*** Opening of Dataset records ***

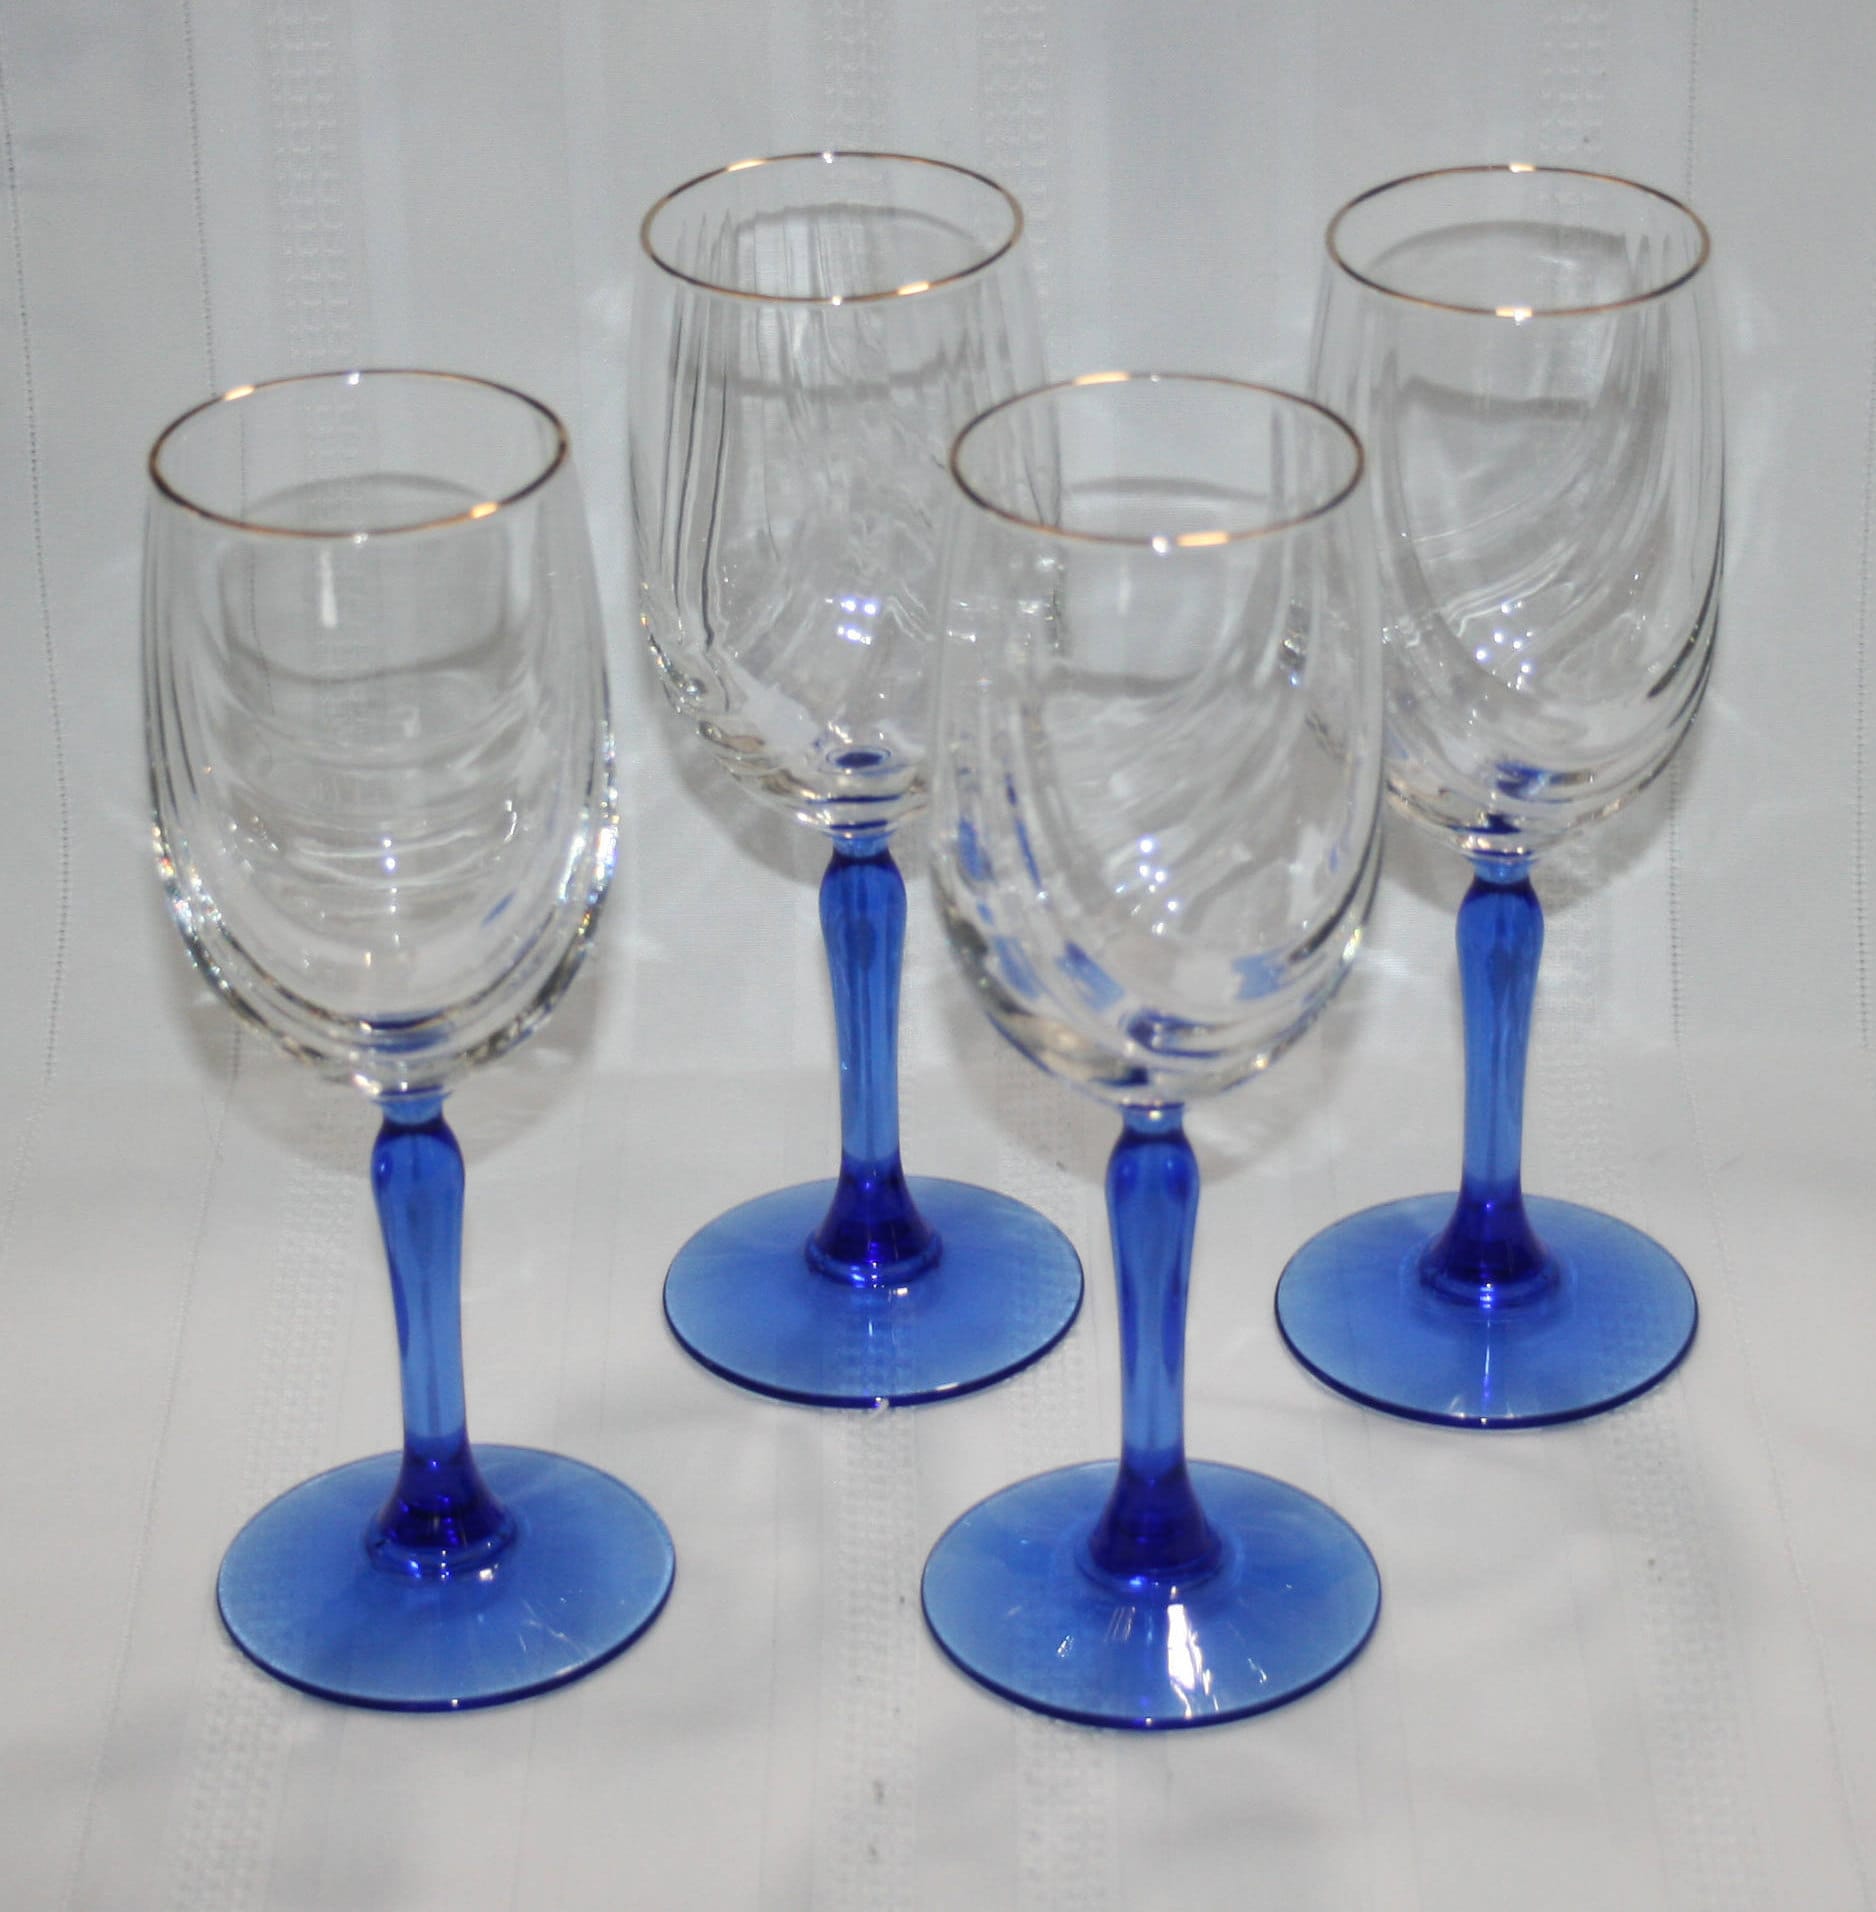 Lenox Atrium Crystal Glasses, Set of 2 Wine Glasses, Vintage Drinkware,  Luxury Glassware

*** Close of Dataset records ***
*** Opening of Dataset records ***

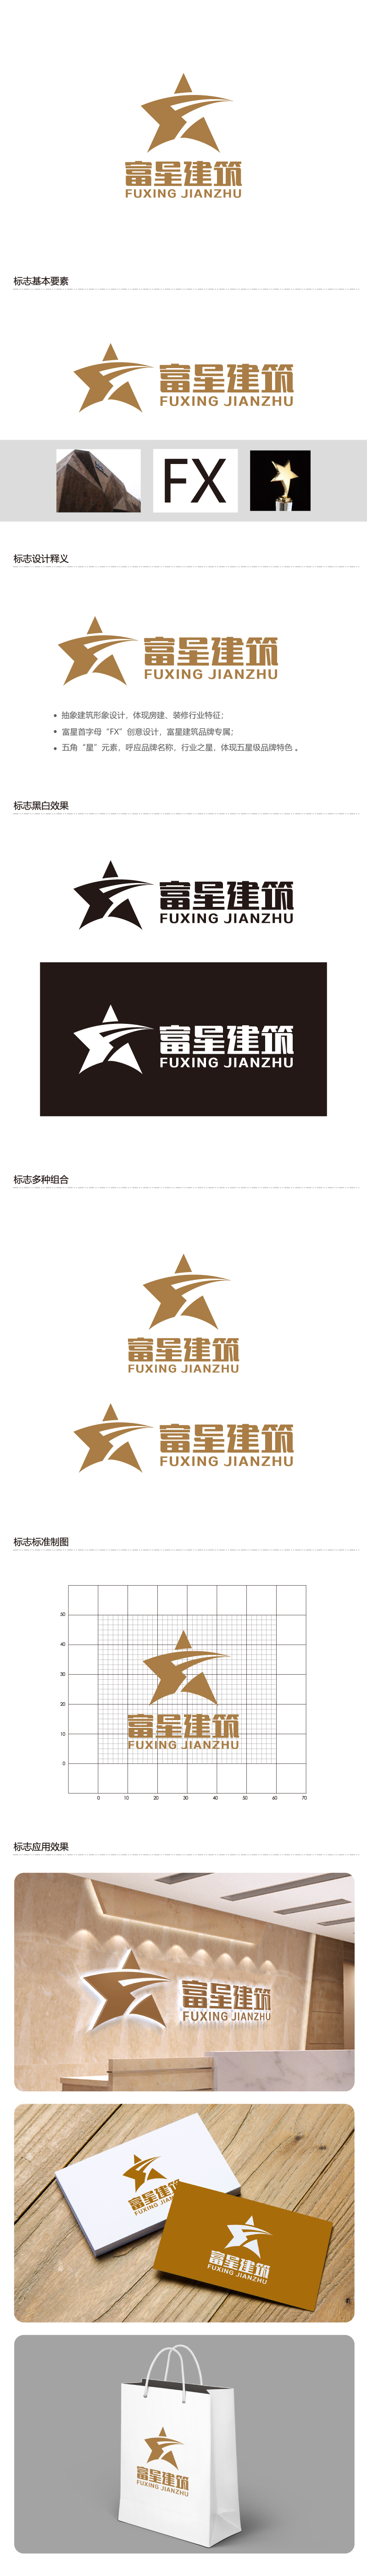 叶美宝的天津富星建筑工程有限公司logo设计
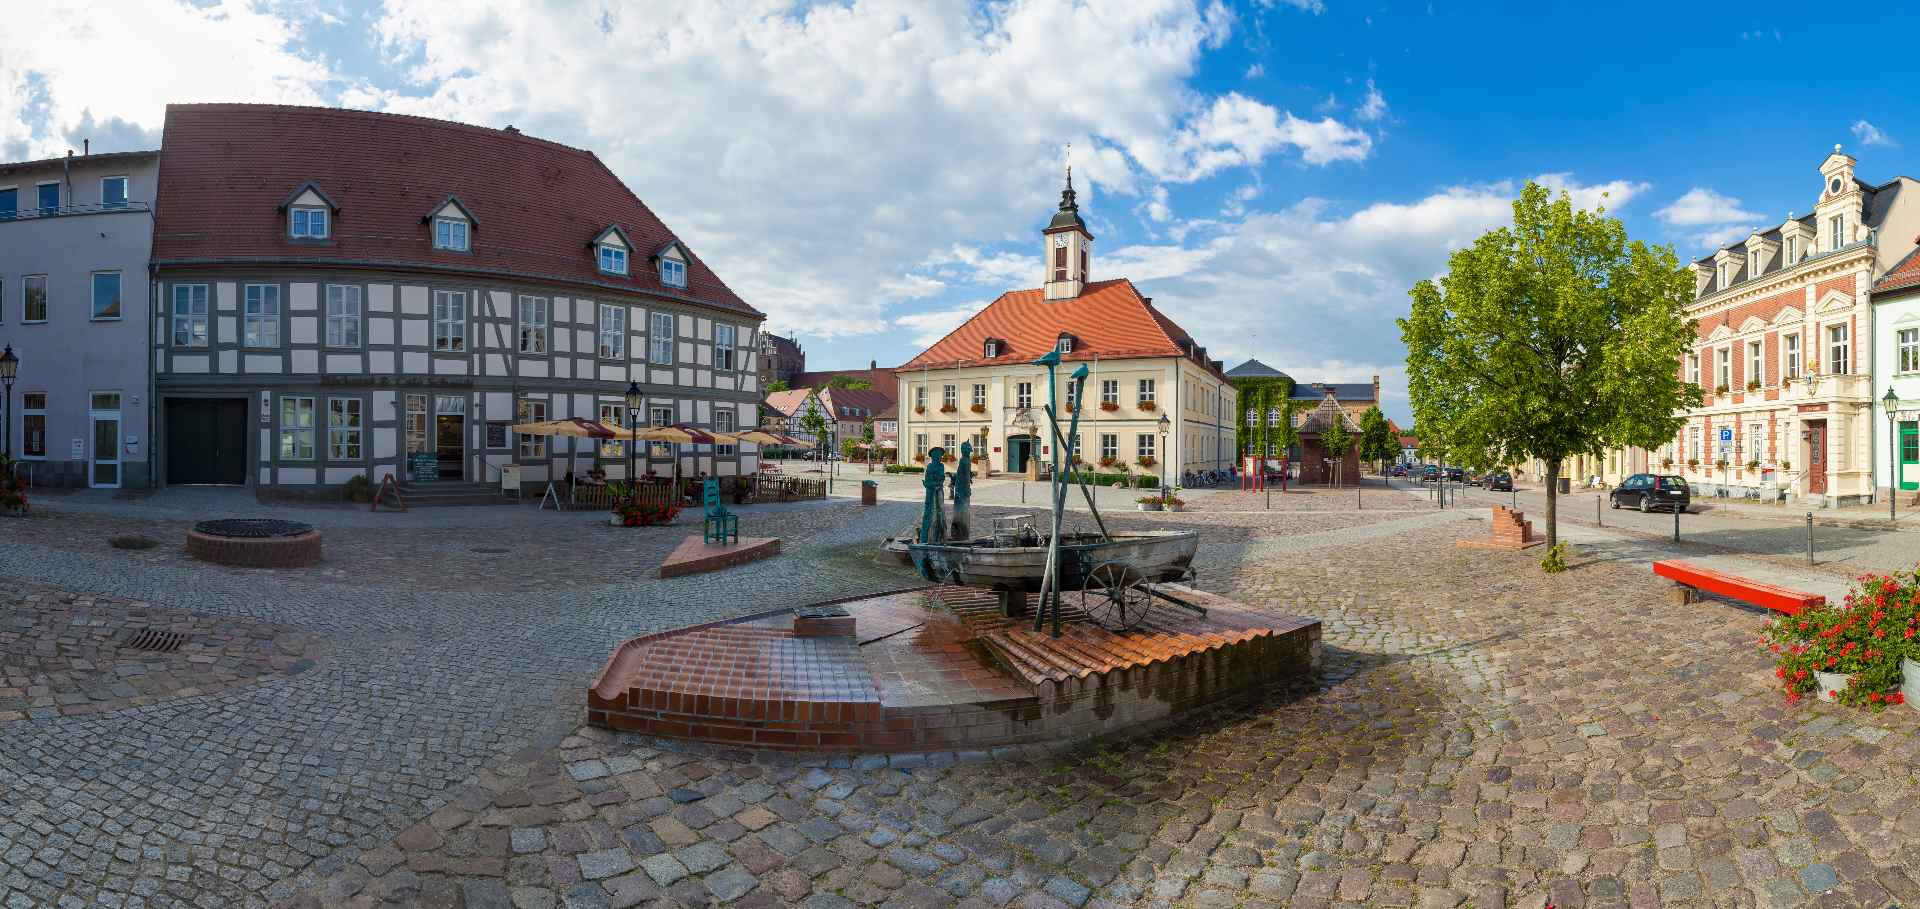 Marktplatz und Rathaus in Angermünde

*** Close of Dataset records ***

In the listing above, find the line with "叶美宝的天津富星建筑工程有限公司logo设计" and the line with "Marktplatz und Rathaus in Angermünde". Copy exactly those two and every line between, without the pictures.

 叶美宝的天津富星建筑工程有限公司logo设计
 Marktplatz und Rathaus in Angermünde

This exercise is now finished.